PHILADELPHIA – Many cancer patients generate immune cells capable of specifically attacking their tumors, but the cells rarely do, in fact, target a patient’s cancer. What prevents these potentially helpful cells from taking action? And is there anything that might be done to unleash them?
The attack cells – known as cytolytic T cells – are prevented from acting by a second set of immune cells called regulatory T cells, according to a new study from investigators at The Wistar Institute. The research also shows that the regulatory T cells communicate their message of restraint to the cytolytic T cells at a distance, via a messenger chemical called TGF-beta. A report on the study appears in the September 15 issue of Cancer Research.
Previous work has focused on ways to stimulate the cytolytic T cells to act, but the new study suggests that other approaches to bringing them into the battle against cancer might be more effective. For example, a drug that inactivates the regulatory T cells or that blocks the TGF-beta chemical message they send might free the cytolytic T cells to attack a patient’s tumor.
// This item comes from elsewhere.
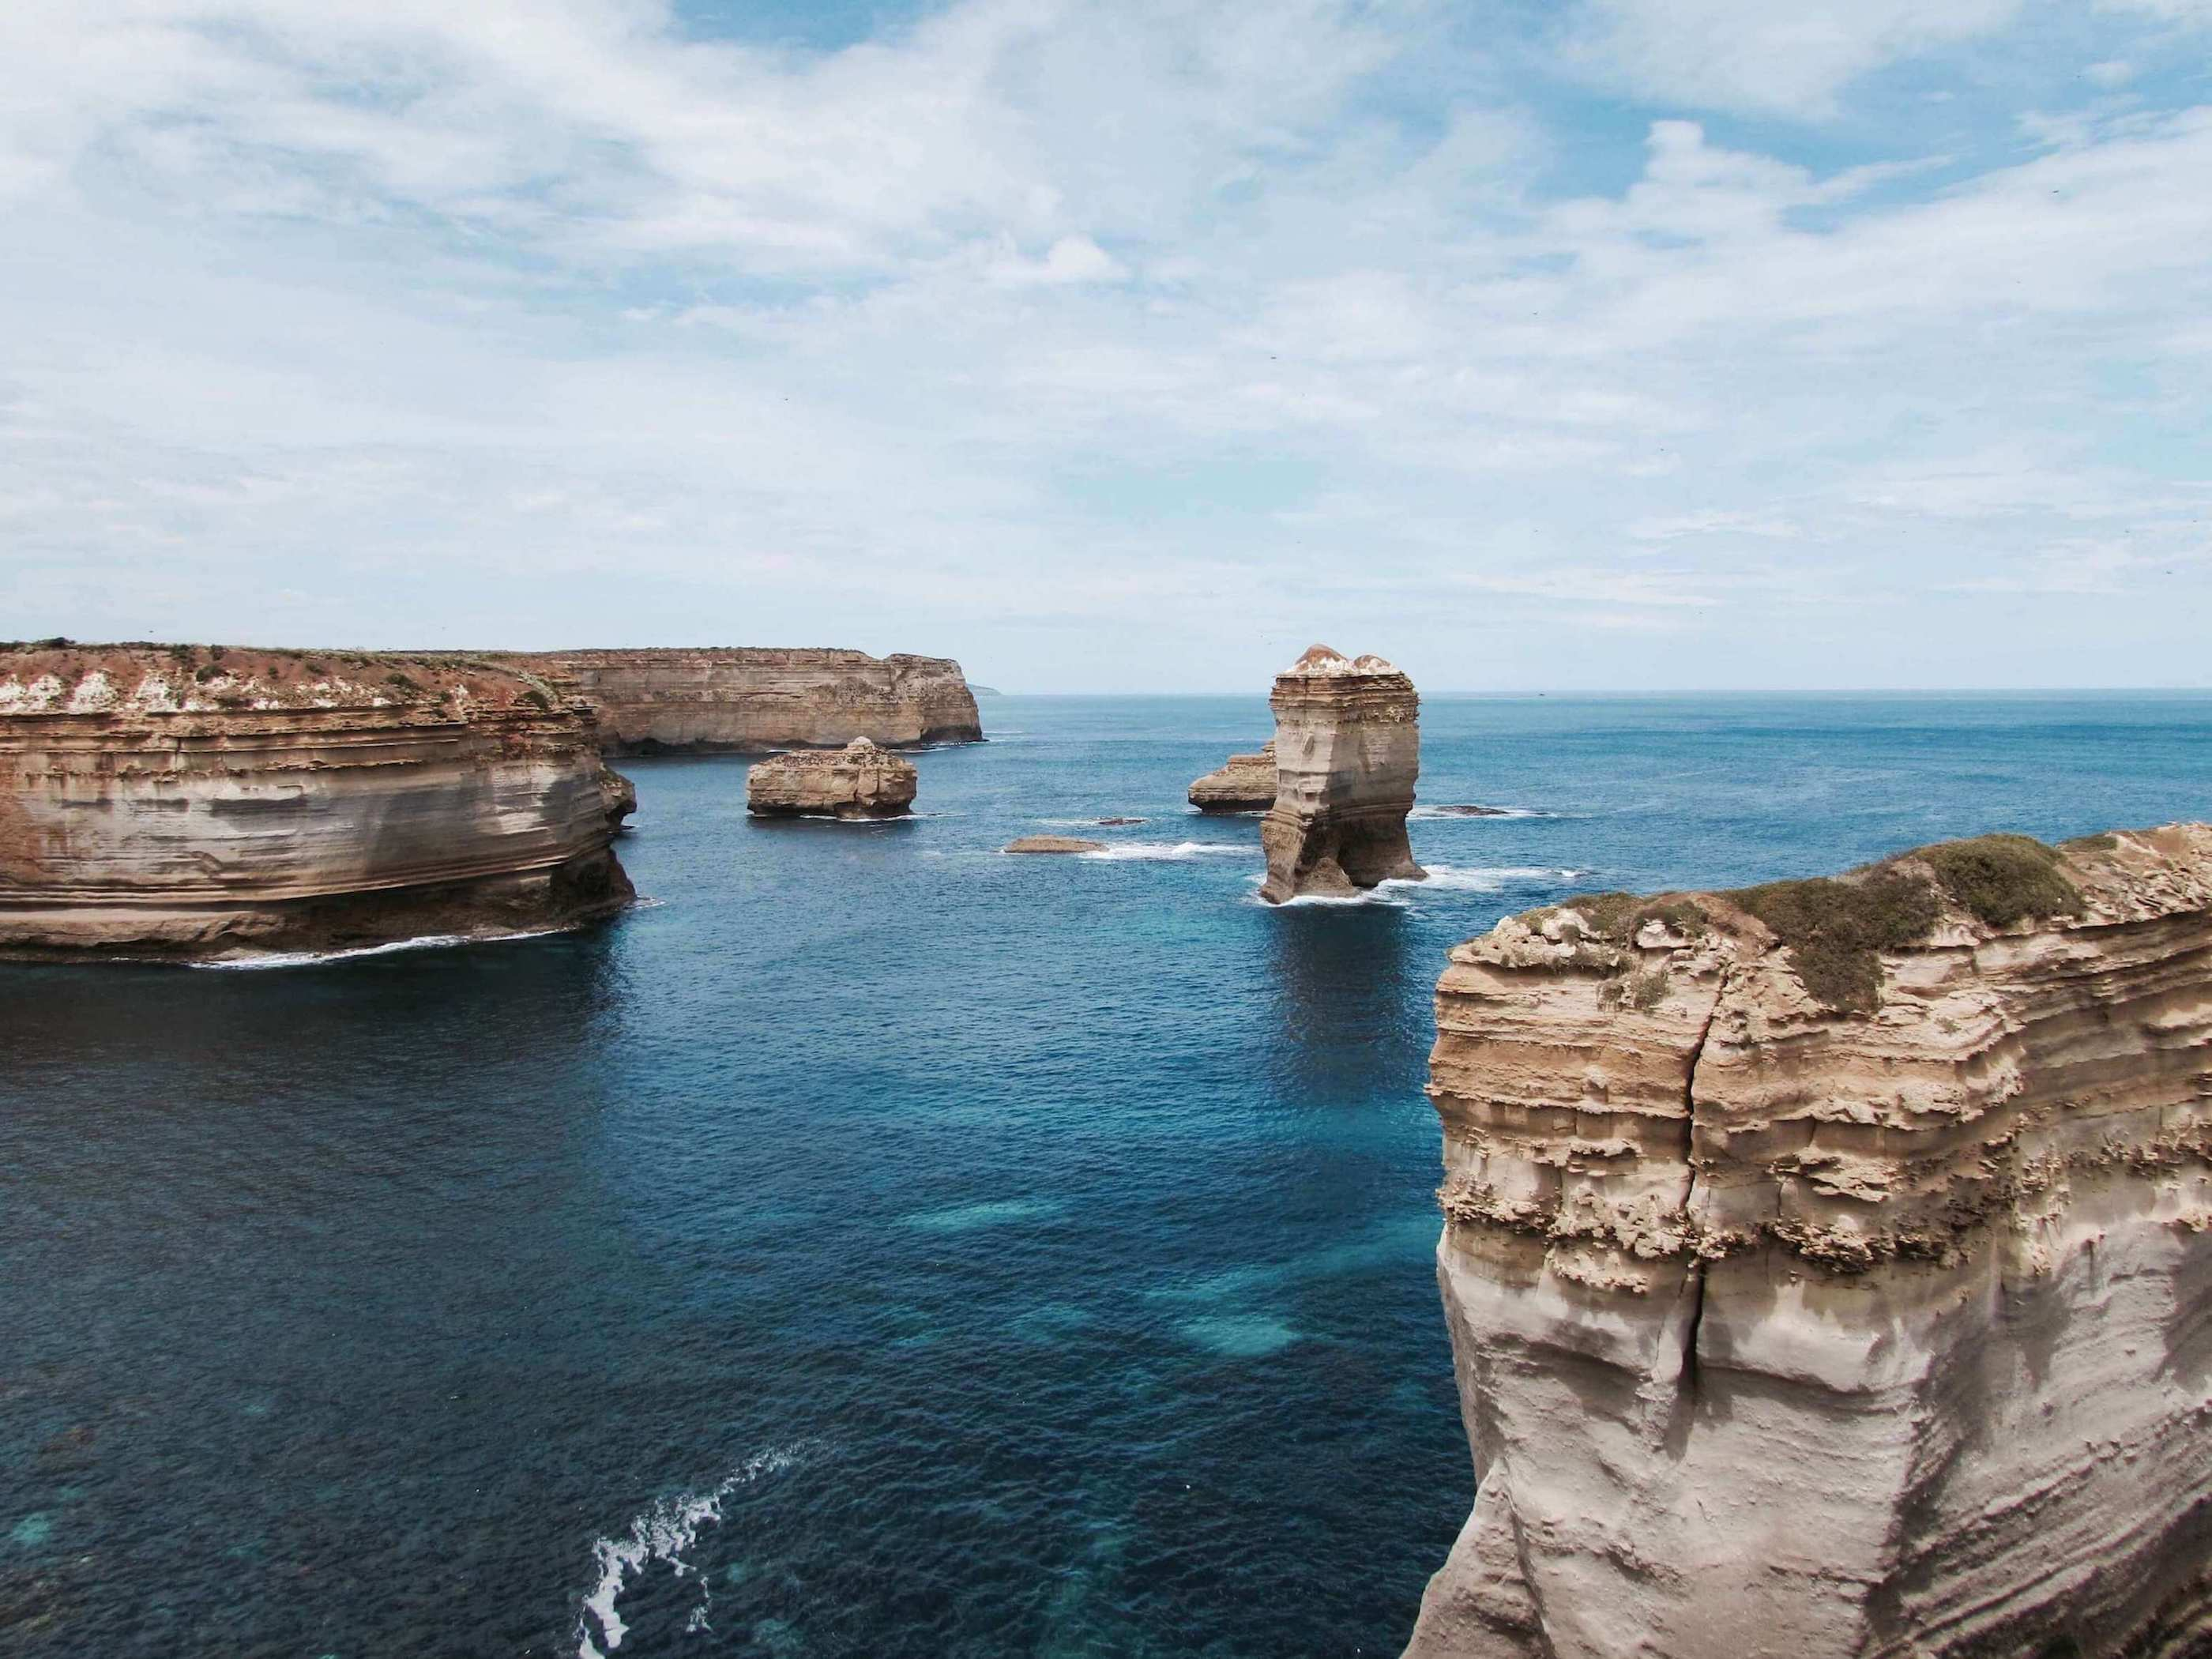 Bay of Islands Australia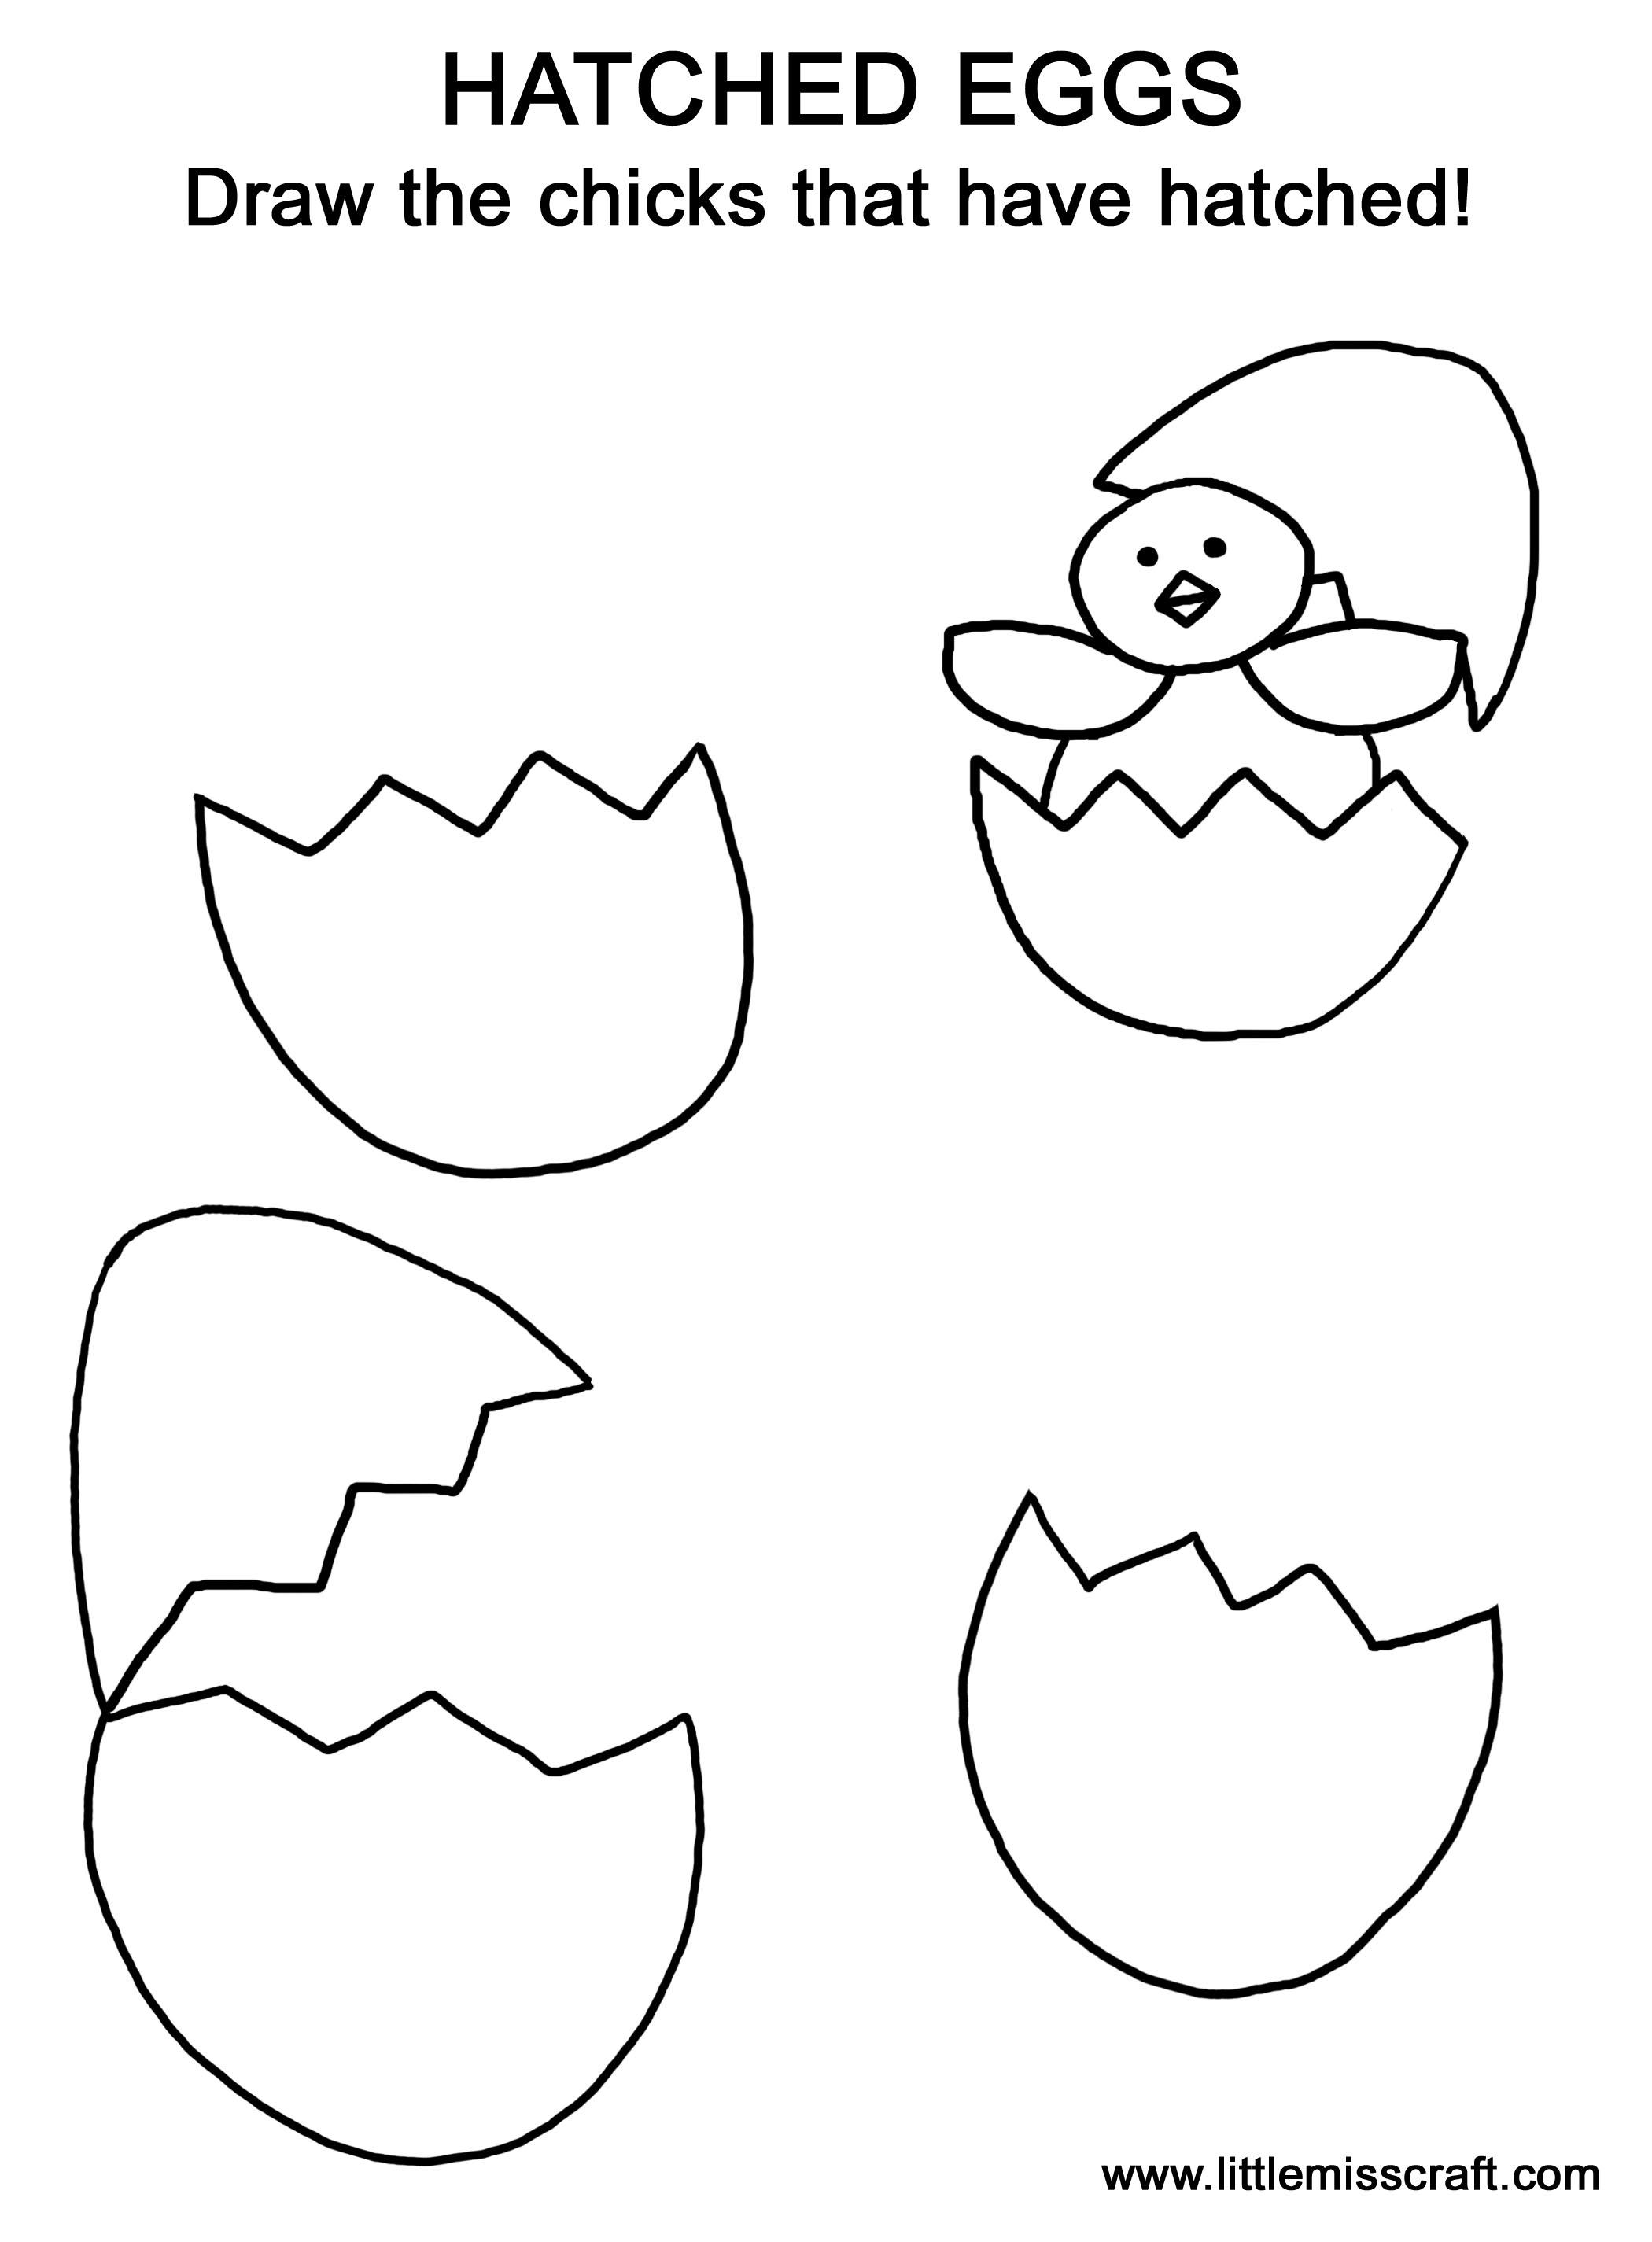 Egg Line Drawing at GetDrawings

“We’ve known for some time that cancer patients can generate T cells able to attack their tumors,” says immunologist Dorothee Herlyn, D.V.M., D.Sc., a professor at The Wistar Institute and senior author on Cancer Research study. “What we discovered in this study is that those patients also produce negatively regulating cells at the same time that keep the attacking T cells in check. The existence of these regulatory cells may help explain how tumors are able to evade the immune system. They also represent a new starting point for thinking about novel anti-cancer treatments.”
The current study evolved somewhat by chance. Using cells from a human colorectal cancer patient, Herlyn’s laboratory team was working to identify T cells with cancer-fighting capabilities and isolate them from other types of immune cells. At one point, one of her coworkers suggested combining different groups of isolated cell types to look for interactions between them.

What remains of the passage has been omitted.